In “The Walking Dead,” is Morality a Commodity or a Weakness?

At most points in time, one member of The Walking Dead (2010) core group serves as the group’s moral compass. This person seems to keep a level, logical head in difficult times. Their morality influences decisions that often impact the whole group. Dale (Jeff DeMunn) was the first notable morality check, followed by Hershel (Scott Wilson), and several other characters for more brief moments in time. Most of these characters are dead, raising the question of whether their morality helped them survive or made them an easy target.

It’s easy to see how ruthlessness and a wanton abandon of civilized behavior would keep people alive in The Walking Dead. Characters are shown to successfully lead others and live a life of status commanding by fear and brutishness. But we also see repeated instances where members of the main group repeatedly seek advice from those characters that hold onto morality and help their everyone balance their apocalyptic survivalist mentalities with humanity.

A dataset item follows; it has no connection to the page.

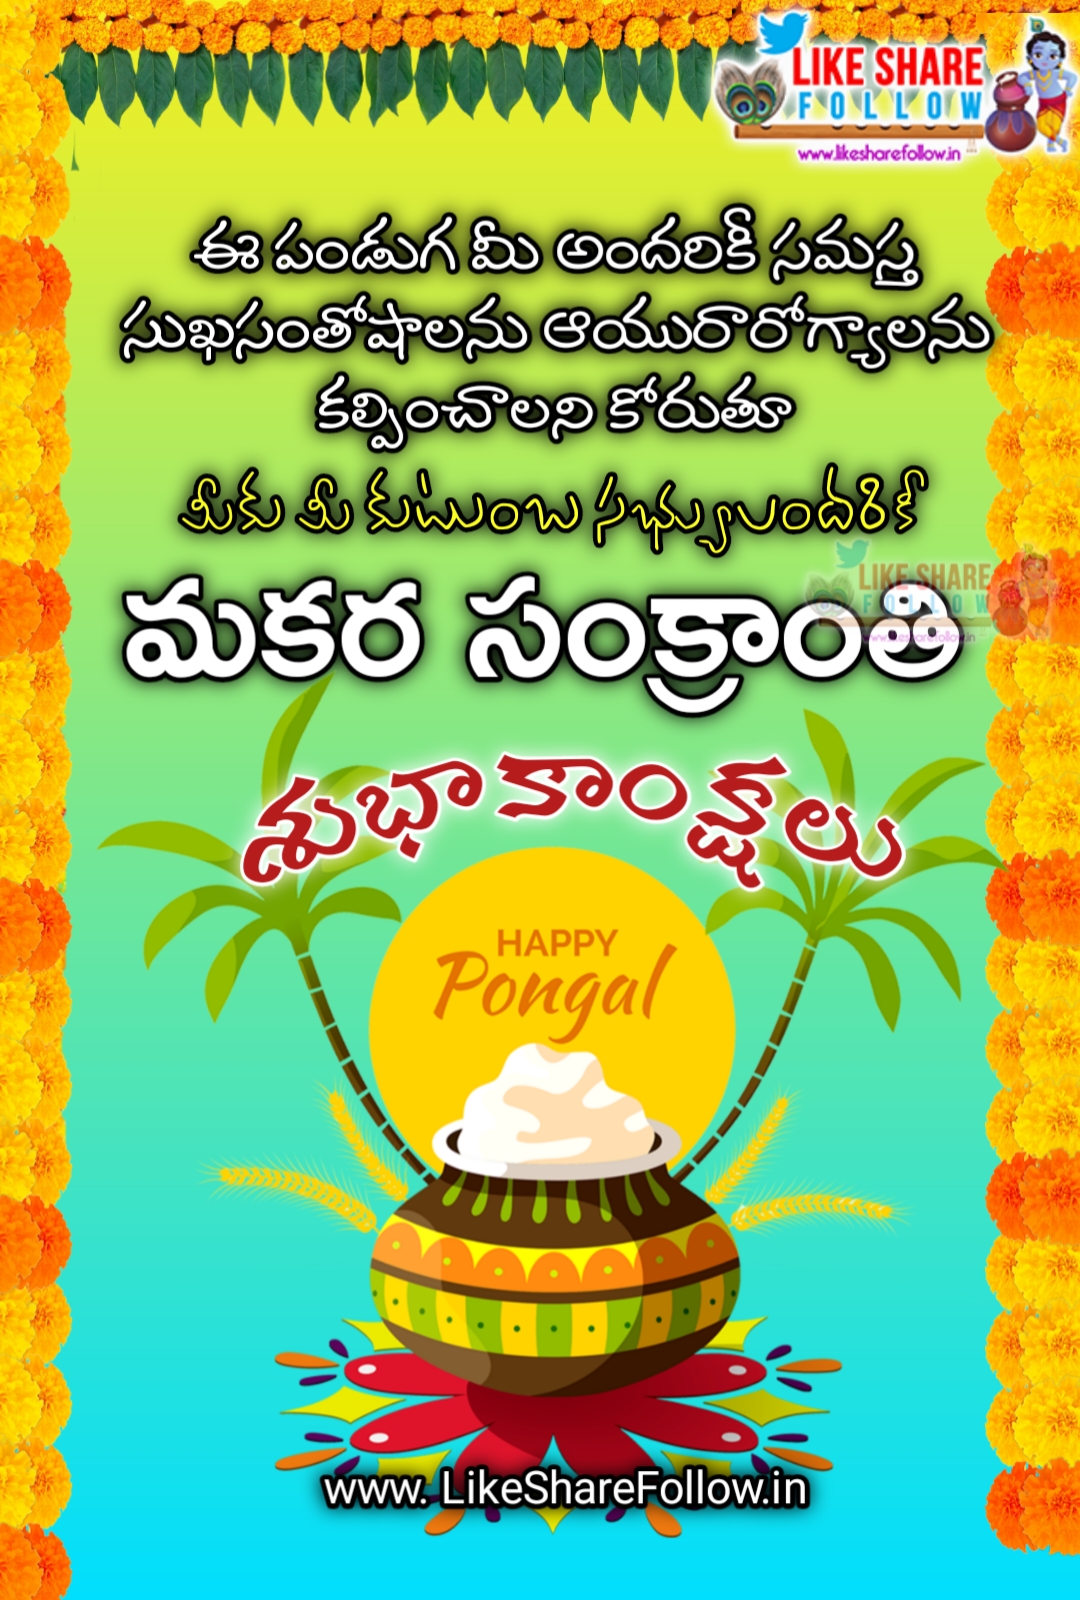 Pongal greetings in Telugu image | Like Share Follow

The show as a whole is genuinely a study in good and evil, weakness and power, morality and a lack thereof. It would be unwise to call morality a weakness. It’s more about finding the right balance and making the right decisions at the right times for survival. Being “good” does not parallel with being “weak.” Most of the moral compass characters are dead, but so are most of the immoral ones.

Andrew Lincoln, in an interview discussing the violence and moral ambiguity of many of Rick’s decisions, states, “the violence on the show is always “grounded in something incredibly powerful and humane… you can do things that are terribly inhumane in this show, and that’s the kind of juxtaposition that really gets people’s juices flowing.”